A iniciativa envolve o Governo de São Paulo, por meio da Secretaria da Segurança Pública (SSP), e o Tribunal de Justiça do Estado de São Paulo. O termo regulamenta, em nível institucional, a aplicação do artigo 7º da Lei Federal nº 9.613 e do Decreto Estadual nº 68.926/2024, garantindo maior segurança jurídica para magistrados na destinação dos valores apreendidos.

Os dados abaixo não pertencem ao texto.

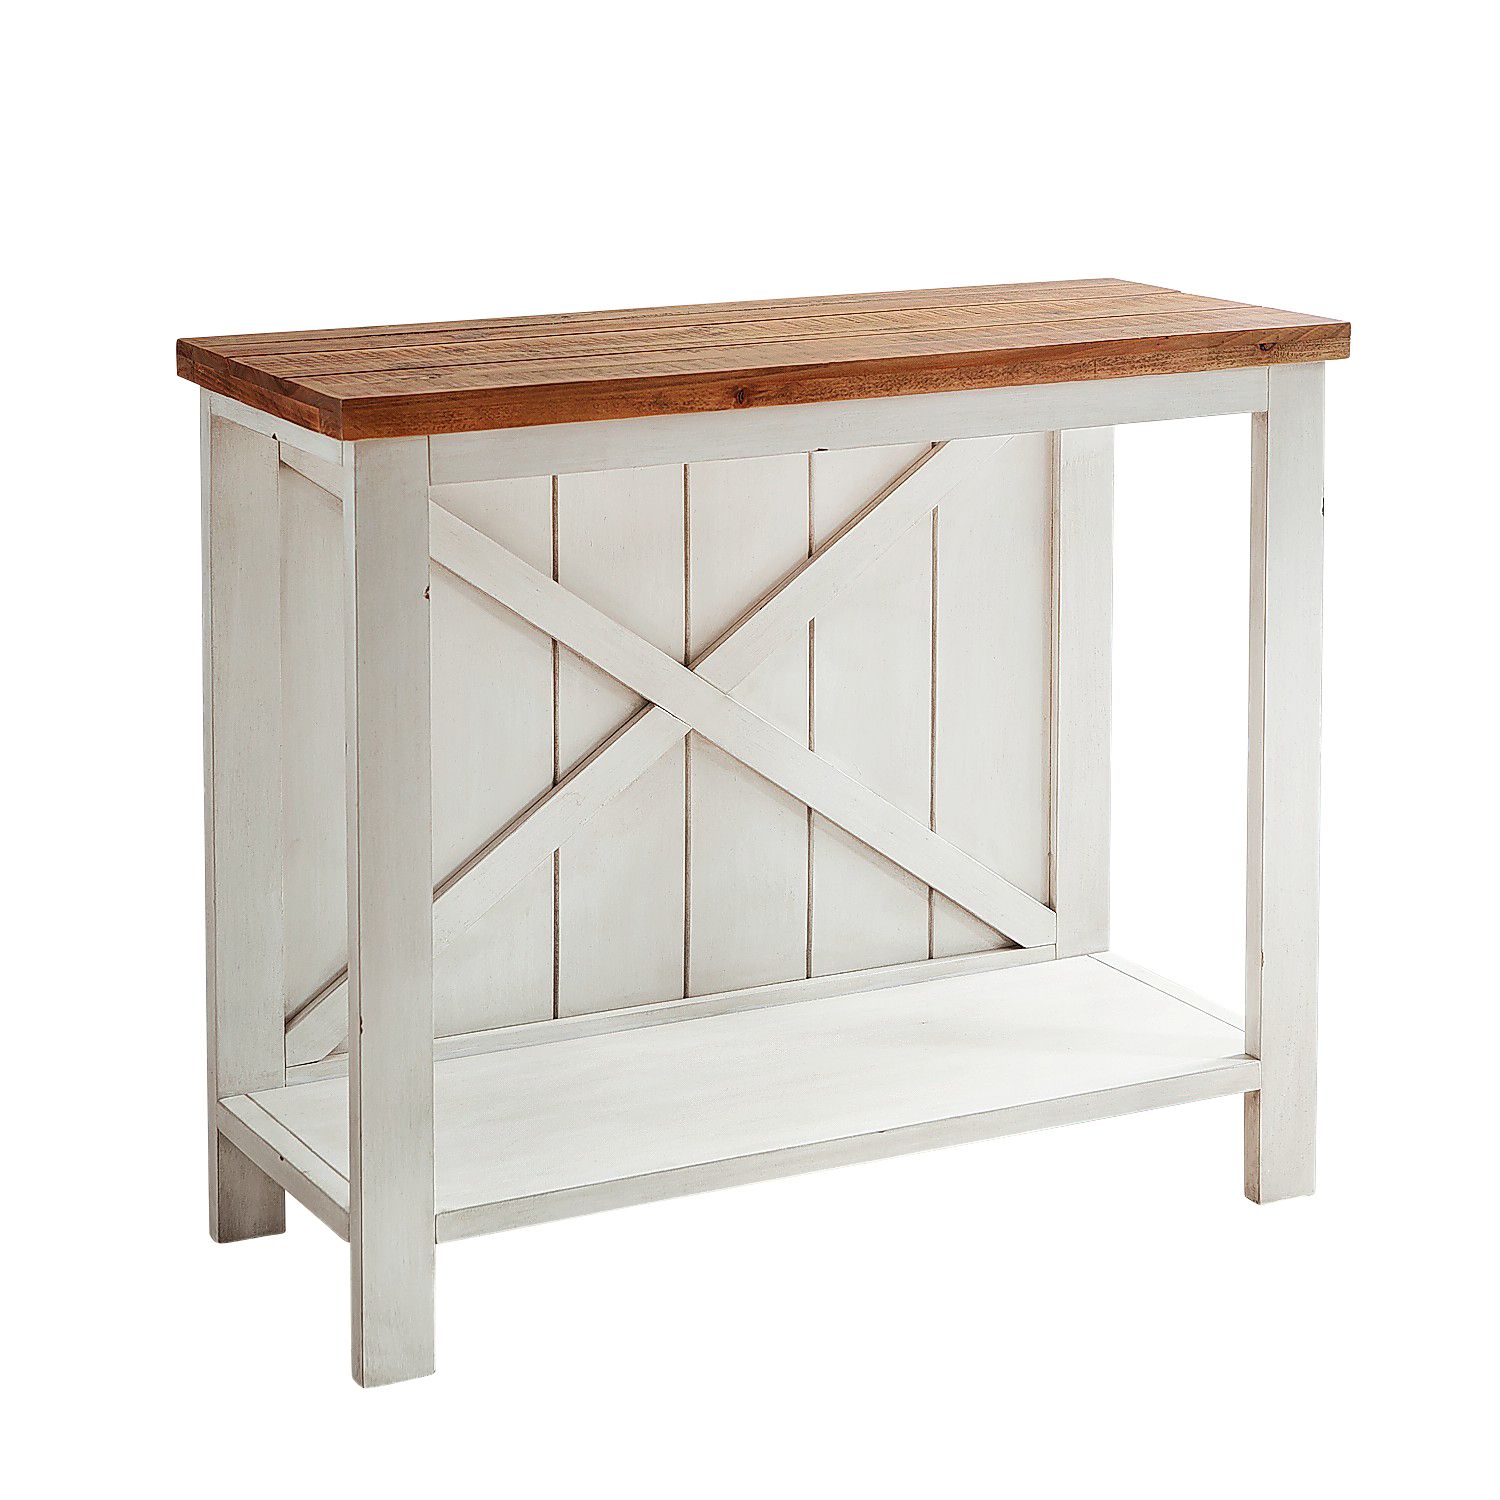 Farmhouse White Small Console Table – Pier1 Imports In Oceanside White Washed Console Tables (View 13 of 20)

Segundo a SSP, o acordo permitirá o intercâmbio de dados e a redução de entraves burocráticos, acelerando procedimentos como leilões, transferências e a incorporação de bens constritos ao patrimônio do Estado. Pelo termo, o Tribunal de Justiça passará a compartilhar informações técnicas e dados processuais estruturados com a Secretaria sempre que necessário para a identificação, apreensão, administração e destinação dos ativos, respeitando os casos de sigilo.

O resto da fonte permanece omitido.